Regarding function \(\ell \), taking into account that \(\ell (\chi )=[m^2_1(\chi )+m_2^2(\chi )]^{1/2}\), a consistent estimator for this function is straightforwardly obtained replacing in this equation \(m_j\) by the Nadaraya–Watson estimators \({\hat{m}}_{j,h}\), \(j=1,2\), defined in (12).

5 Simulation study

In this section, the regression estimator proposed in (11) is analyzed numerically by simulation, considering different scenarios and model (1). For each scenario, 500 samples of size n (\(n=50, 100, 200\) and 400) are generated using the following regression functions:

$$\begin{aligned} \text {r1: } m(\mathcal {X})= & {} \textrm{atan2}(0.5+\textstyle \int ^{\mathbb {I}}_0\mathcal {X}(t)dt,\textstyle \int ^{\mathbb {I}}_0\mathcal {X}(t)dt),\\ \text {r2: } m(\mathcal {X})= & {} \textrm{acos}(-0.3\textstyle \int ^{\mathbb {I}}_0\mathcal {X}(t)dt)+3/2\textrm{acos}(0.4\textstyle \int ^{\mathbb {I}}_0\mathcal {X}(t)dt), \end{aligned}$$

where the random curves are simulated from

$$\begin{aligned} \mathcal {X}(t)=30U(1-t)t^{1+U}, \quad t\in [0,1], \end{aligned}$$
(17)

being U a uniformly distributed variable on [0, 1] , and the circular errors \(\varepsilon \) in (1) are drawn from a von Mises distribution \(vM(0,\kappa )\), with different concentrations (\(\kappa =5, 10\) and 15).

As an illustration, Fig. 2 shows two realizations of simulated data of size \(n=100\) (model with regression function r1 in top row and model with regression function r2 in bottom row). Left plots display the circular regression functions evaluated in the curves generated from (17). Central panels present the random errors drawn from a von Mises distribution with zero mean direction and concentration \(\kappa =5\) (for model with regression function r1) and \(\kappa =15\) (for model with regression function r2). It can be seen that the errors in the top row, corresponding to \(\kappa =5\), present more variability than the ones generated with \(\kappa =15\). Right panels show the values of the response variables, obtained adding the mean values in the left panels and the circular errors in the central panels.

Fig. 2
figure 2

Illustration of model generation (model with regression function r1: top row; model with regression function r2: bottom row). Left: regression function evaluated at a random sample of size \(n=100\) of curves simulated from (17). Center: independent errors from a von Mises distribution with zero mean and concentration \(\kappa =5\) (for the model with regression function r1) and \(\kappa =15\) (for the model with regression function r2). Right: random responses obtained by adding the two previous plots

For each simulated sample, the Nadaraya–Watson-type estimator (11) is computed using the kernel \(K(u)=1-u^2\), \(u \in (0,1)\), and taking the \(L^2\) metric to calculate the distance between curves. Regarding the bandwidth h, it is selected by cross-validation, choosing the bandwidth parameter \({h}_{\textrm{CV}}\) that minimizes the function:

$$\begin{aligned} \textrm{CV}(h)=\sum _{i=1}^n \left\{ 1-\cos \left[ \Theta _i-{\hat{m}}_{h}^{(i)}(\mathcal {X}_i)\right] \right\} , \end{aligned}$$
(18)

where \({\hat{m}}_{h}^{(i)}\) denotes the Nadaraya–Watson-type estimator computed using all observations except for \((\mathcal {X}_i,\Theta _i)\).
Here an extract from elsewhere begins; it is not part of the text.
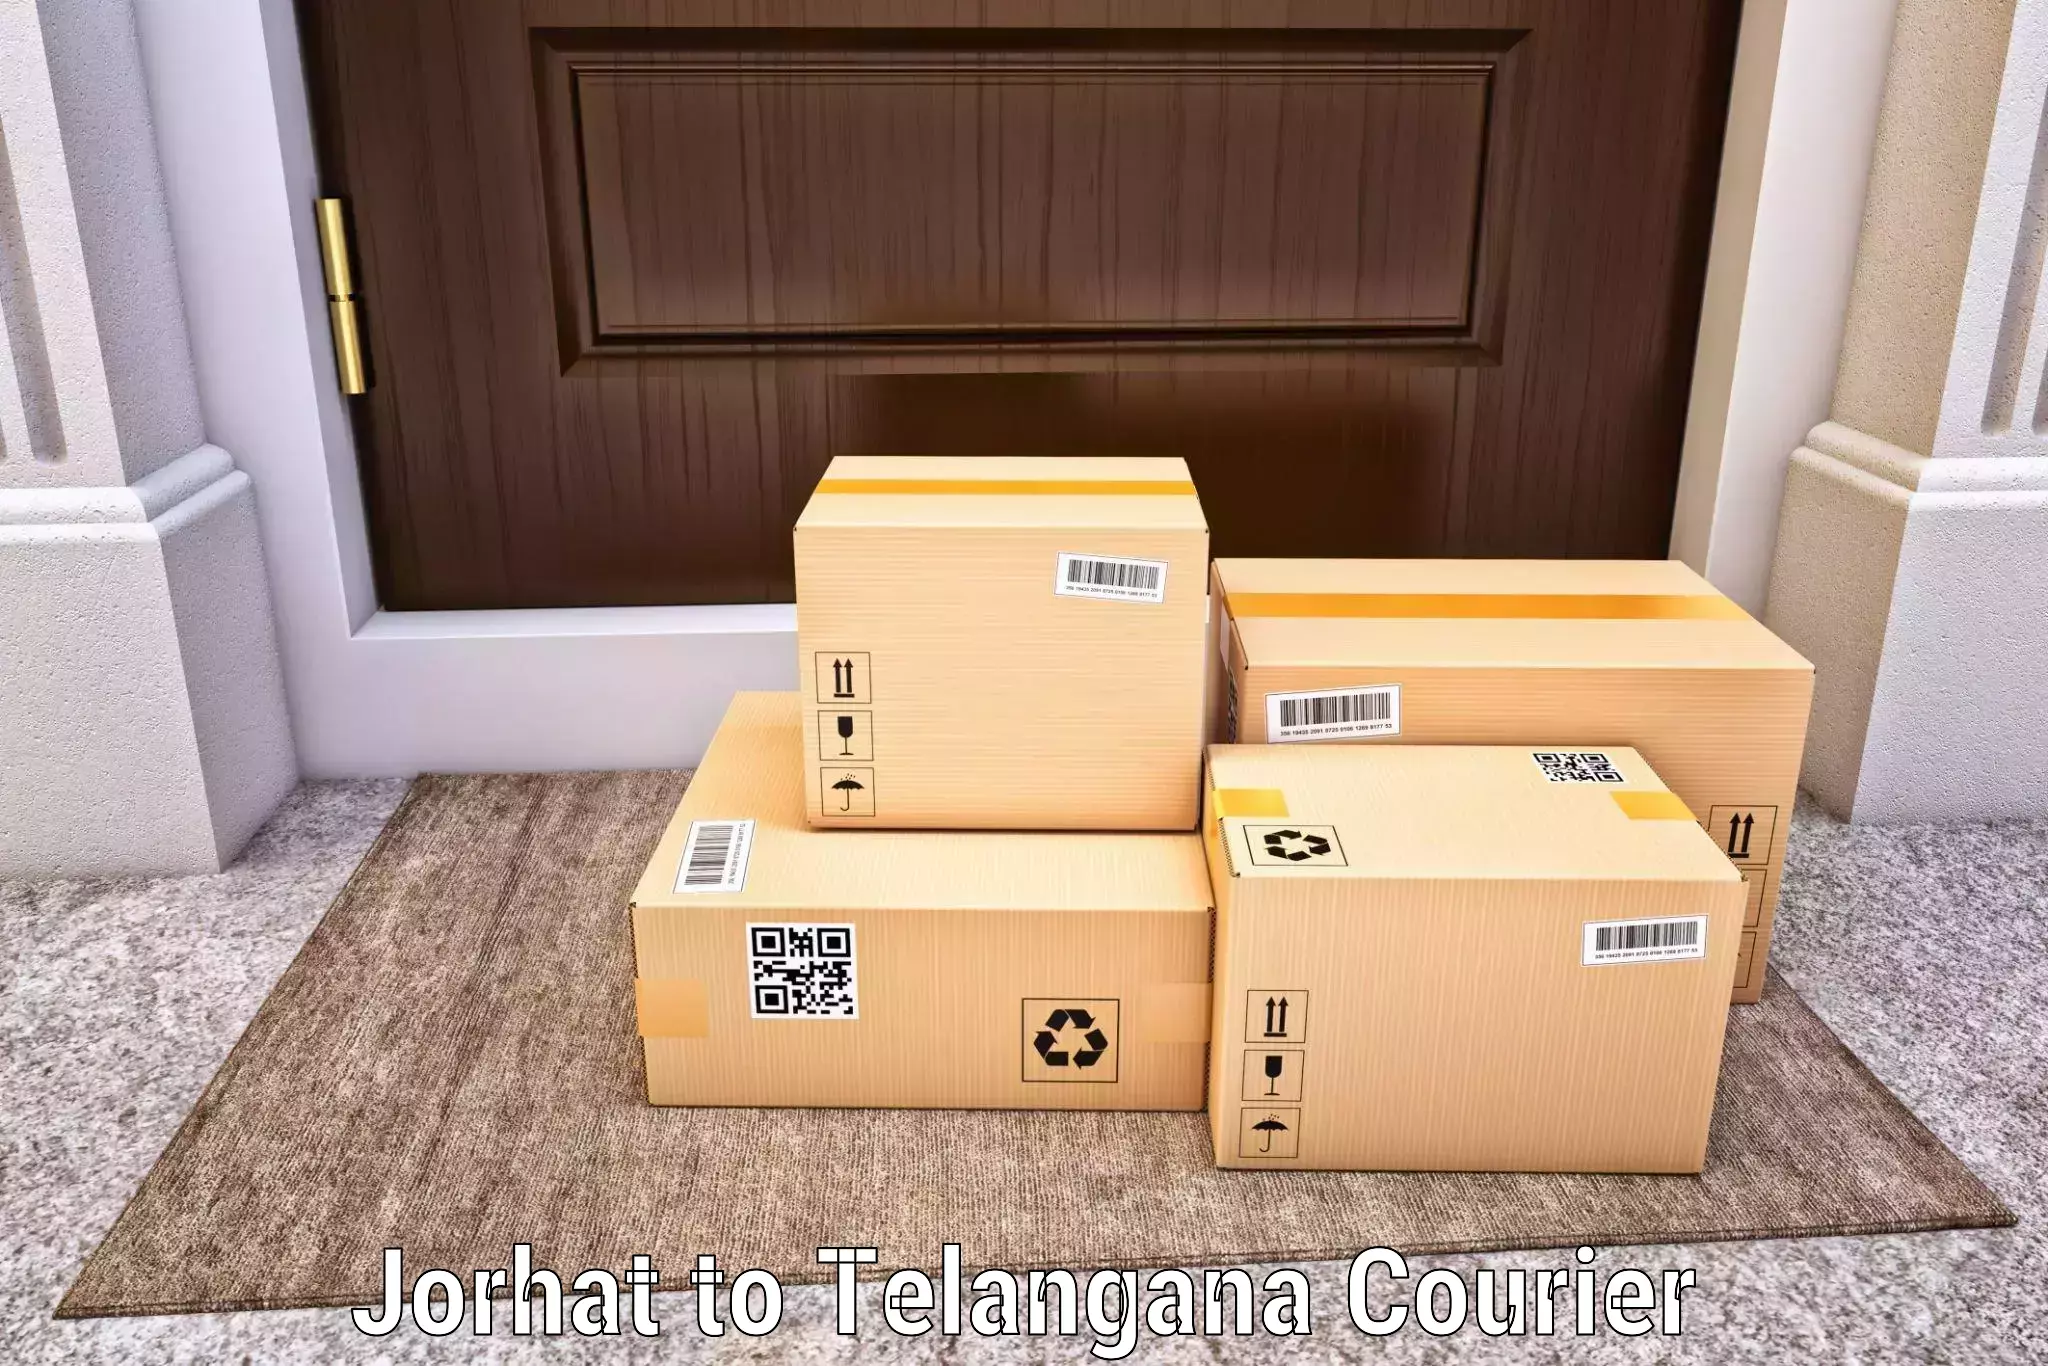 Expedited parcel delivery Jorhat to Shamshabad

To evaluate the performance of the Nadaraya–Watson-type estimator \({\hat{m}}_h\), the circular average squared error (CASE), defined by Kim and SenGupta (2017):

$$\begin{aligned} \textrm{CASE}[{\hat{m}}_{h}(\chi )]=\frac{1}{n}\sum _{i=1}^n \left\{ 1- \cos \left[ m(\mathcal {X}_i) - {\hat{m}}_{h}(\mathcal {X}_i)\right] \right\} , \end{aligned}$$
(19)

is computed. Table 1 shows the average (over 500 replicates) of the CASE when h is selected by cross-validation. For comparative purposes, in each scenario, the average of the minimum value of the CASE, computed using the bandwidth \(h_{\textrm{CASE}}\) that minimizes (19), is also included in Table 1. Note that the bandwidth \(h_{\textrm{CASE}}\) can not be computed in a practical situation, because the regression function is unknown. The corresponding CASE errors are included in this table as a benchmark. In the different scenarios, it can be seen that the average errors decrease when the sample size increases. In addition, as expected, results are better when the error concentration gets larger.

Table 1 Average CASE given in (19), over 500 replicates, using a cross-validation bandwidth, \({h}_{\textrm{CV}}\), and an optimal bandwidth, \({h}_{\textrm{CASE}}\), as a benchmark

The appropriate performance of the nonparametric circular regression estimator (11) is also observed in Fig. 3. In this plot, the same scenarios as those considered to obtain Fig. 2 are used. On the left, the theoretical regression functions r1 and r2 are shown, and, on the right, the corresponding estimates using a random sample generated from these models are presented. The representations in the top row correspond to the data simulated using the model with regression function r1 and those in the bottom row with regression function r2.

Fig. 3
figure 3

Theoretical regression function (left), jointly with the corresponding estimates (right), using the specific scenarios considered in Fig. 2, for the model with regression function r1 (top row) and r2 (bottom row)

To complete the study, we repeated the simulations using a k-nearest neighbor (kNN) version of our estimator (see Burba et al. 2009, for a study of the kNN method in a regression model with scalar response a functional covariate). The results obtained were very similar to those achieved by the Nadaraya–Watson approach, with a slightly better performance of the Nadaraya–Watson-type estimator. For reasons of space, only the results with r1 using the kNN-type estimator are presented (Table 2). For comparison, we also include in this table the part of Table 1 relative to r1.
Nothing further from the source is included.